Quanto muito, as mulheres tratam-se com acinte entre si e permitem que os homens se ridicularizem autonomamente.
Começa por aí a transformação de Pequenos Prazeres para este segundo tomo, dando maior protagonismo às mulheres para que estas não sejam apenas "desenhos marotos" nas piadas tendencialmente brejeiras de um homem.
Para mim não há dúvidas que esta transformação deve ter sido intencional, para equilibrar o protagonismo e o sofrimento dos dois sexos, passando tal pela inclusão de uma argumentista.
A presença de Maïa Mazaurette é notória e notável por um conjunto de factores em que o maior deles é, sem dúvida, o limite daquilo que ela arrisca.
Ela sujeita as suas personagens femininas a situações que um homem não ousaria representar. Sobretudo quando essas situações são causadas pelas próprias mulheres.
Avanço duas hipóteses para tal. Ou um homem não consegue imaginar a fundo a realidade feminina ou um homem tem medo de passar a ser visto como um misógino.

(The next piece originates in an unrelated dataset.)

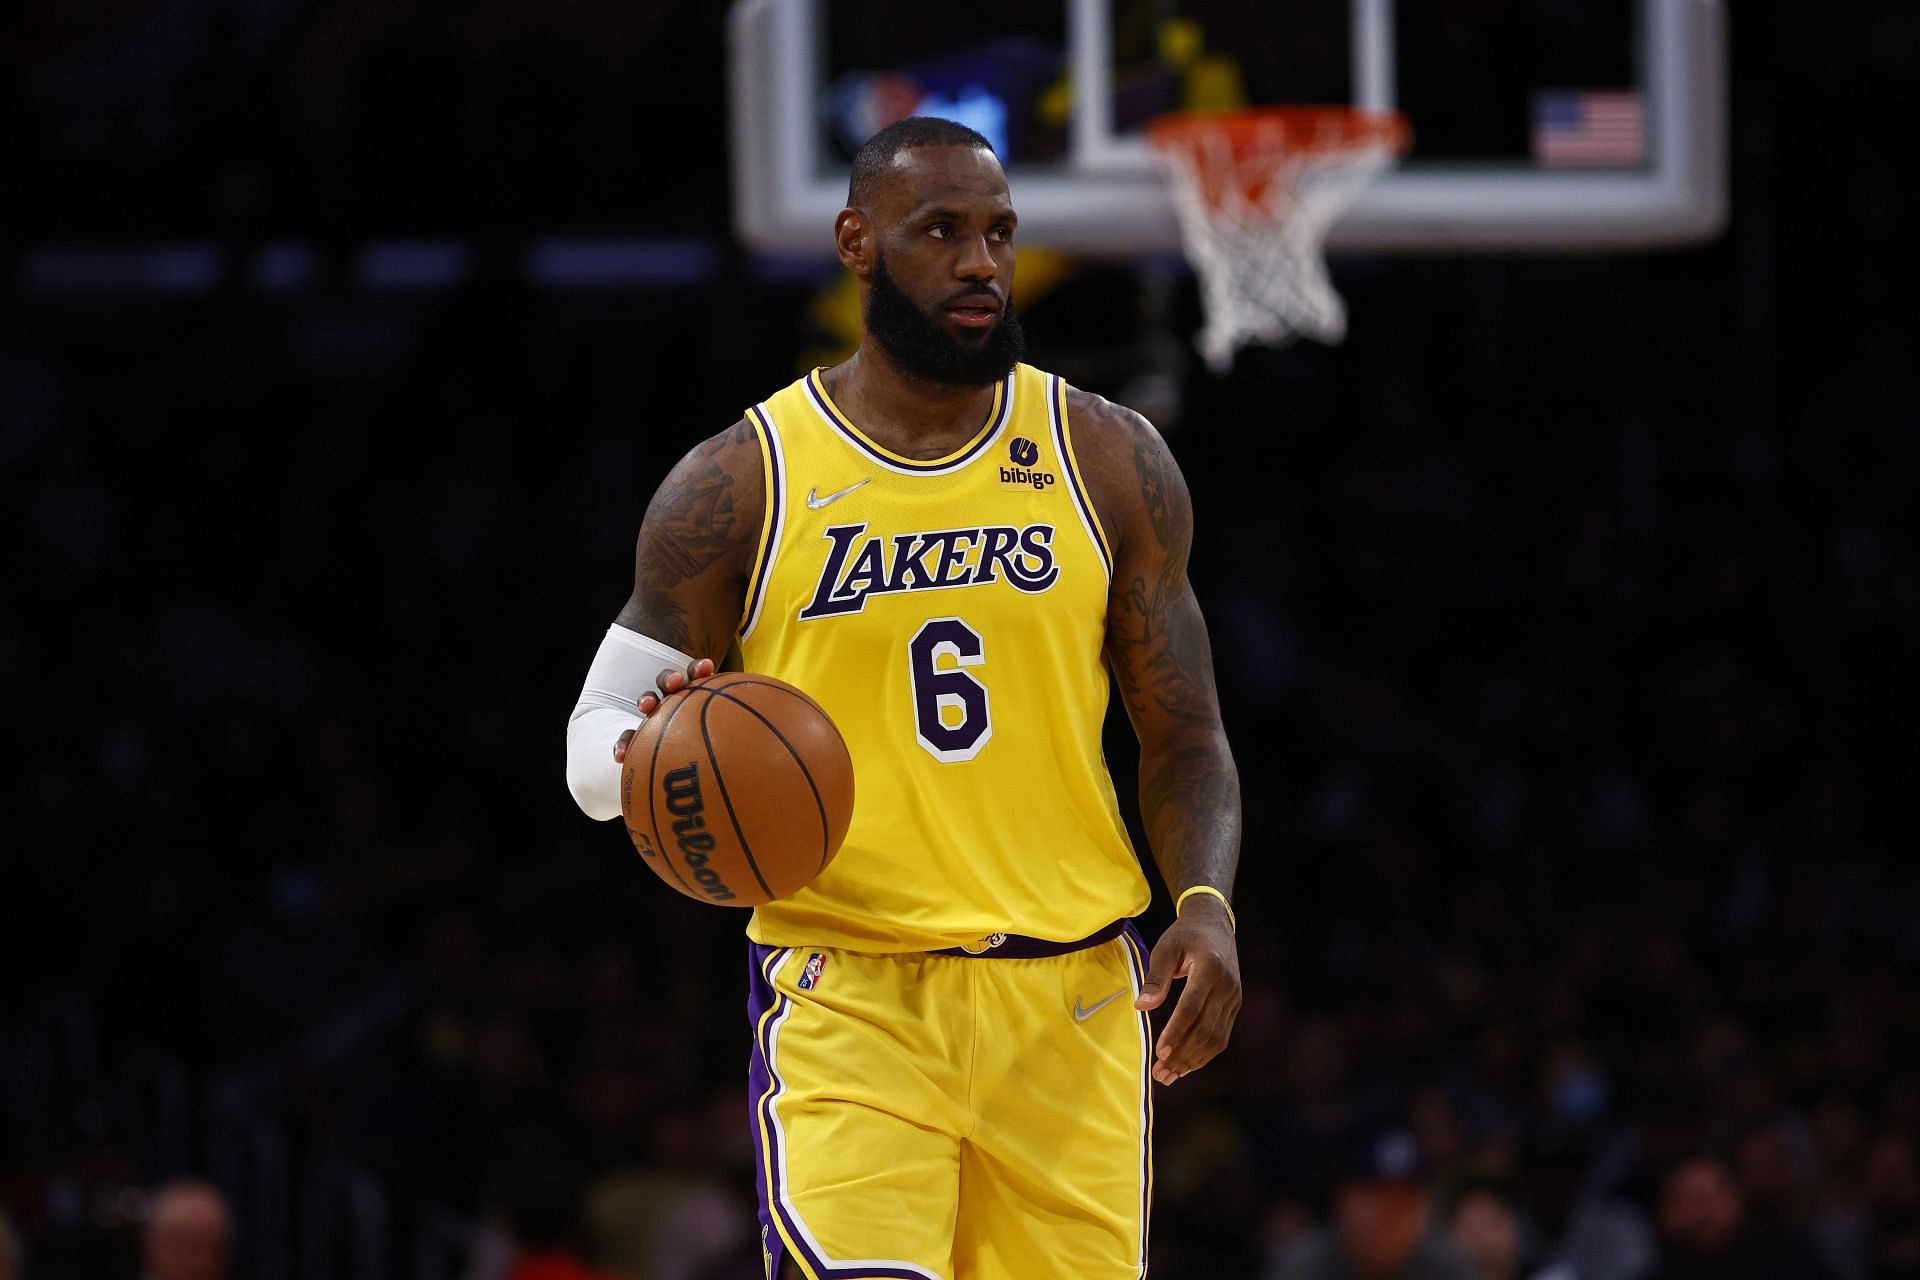 LeBron James and the LA Lakers suffered a disappointing loss to the LA Lakers on Wednesday

Parece que o tabu de que falei a propósito do primeiro tomo continua. Não porque não se represente e brinque com o sexo, mas porque cada sexo retrai-se ao fazê-lo com o que está do outro lado da barricada desta velha guerra.

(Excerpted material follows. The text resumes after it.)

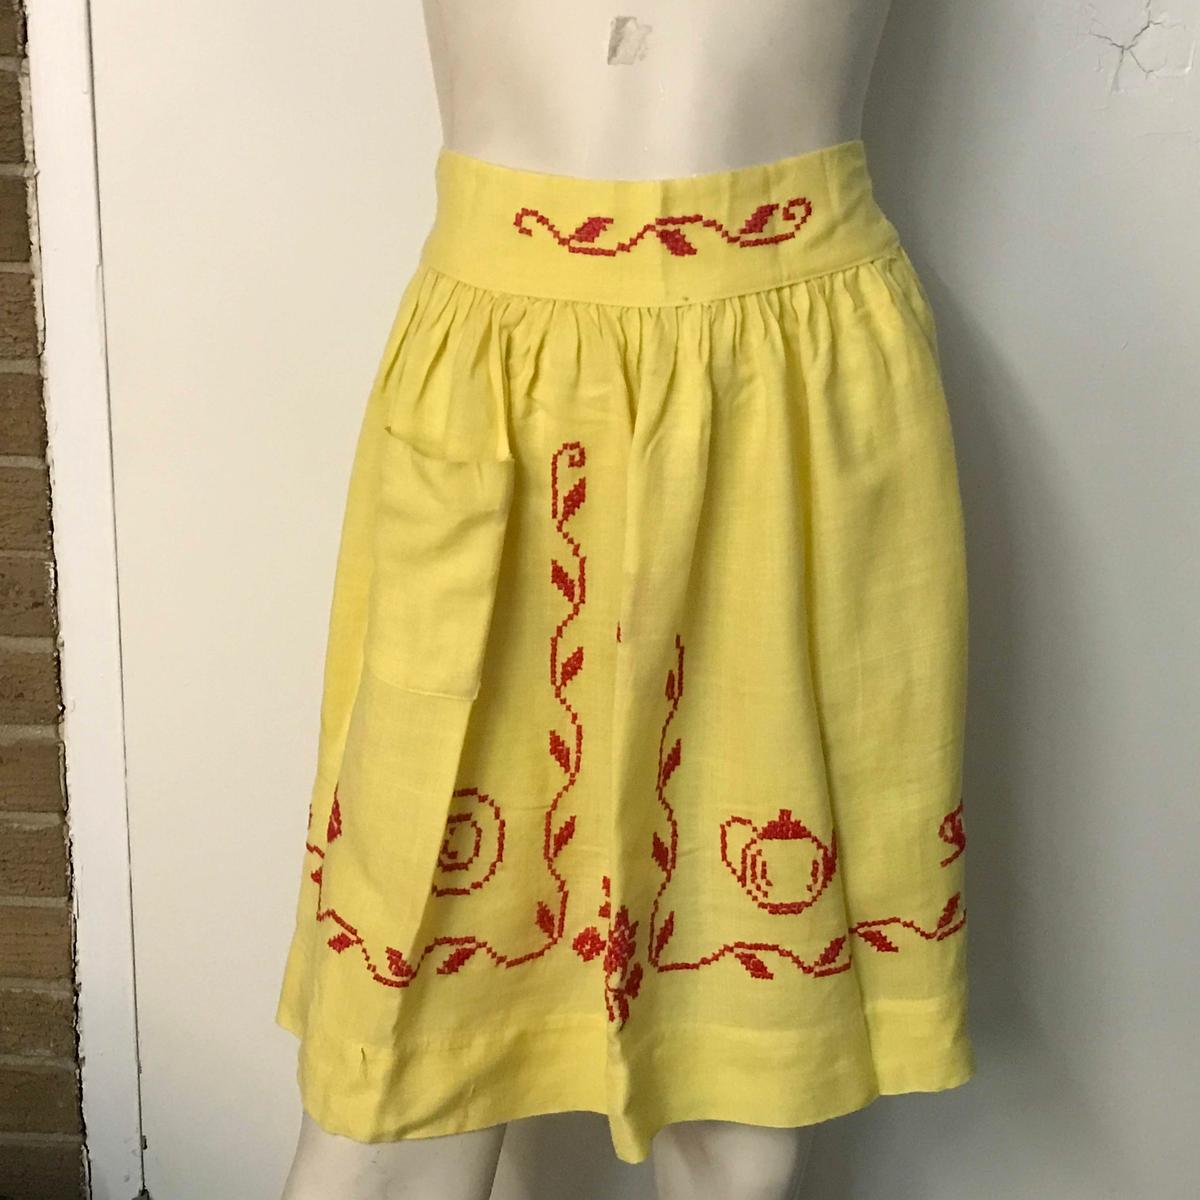 Vintage Yellow Apron with Red Embroidery & One Pocket

Creio que a liberdade para tocar em temas mais arriscados com a presença de uma voz feminina permite engrandecer o humor que tem, sempre, uma acentuada componente visual.
A representação exagerada das más decisões, tribulações e vícios destas mulheres são excepcionalmente divertidas porque estão naquele ponto em que as mulheres os reconhecem sem os quererem admitir e os homens os descobrem sem os conseguirem crer.
O que Maïa Mazaurette também traz ao livro é a construção de uma narrativa a longo prazo - sobretudo na segunda metade do livro - que explora de forma mais interessante as duas personagens centrais, Arthur e Clara, e as intermitências da sua relação.
O primeiro livro causava um maior sentimento de estar a ler uma série de ideias que só ocasionalmente se uniam pela presença de um mesmo protagonista.
Este traço de disposição da história leva a que as personagens secundárias que entram e saem à medida das necessidades consigam integrar-se num mundo menos genérico, um universo onde cada uma delas poderia ter o seu próprio conjunto de pranchas complementando aquilo que Arthur e Clara ainda não experimentaram.
Como livro, Pequenos Prazeres 2 é mais uno tornando a leitura imparável mais gratificante do que seria (como para o primeiro tomo, portanto) espaçada nos dias como pranchas publicadas em jornal.
Por isso há que fazer o elogio da editora que decidiu, bem, transformar em dois os quatro tomos da edição original. Com isso reforçou as semelhanças entre os livros agregados uns com os outros e as diferenças da primeira metade da série para a segunda.
Entre a mulher no livro e a mulher do livro, aquilo que se conclui é que o toque feminino era essencial para que o sucesso da série continuasse e se justificasse. Mas o prazer maior ainda é ler todas as páginas consecutivamente.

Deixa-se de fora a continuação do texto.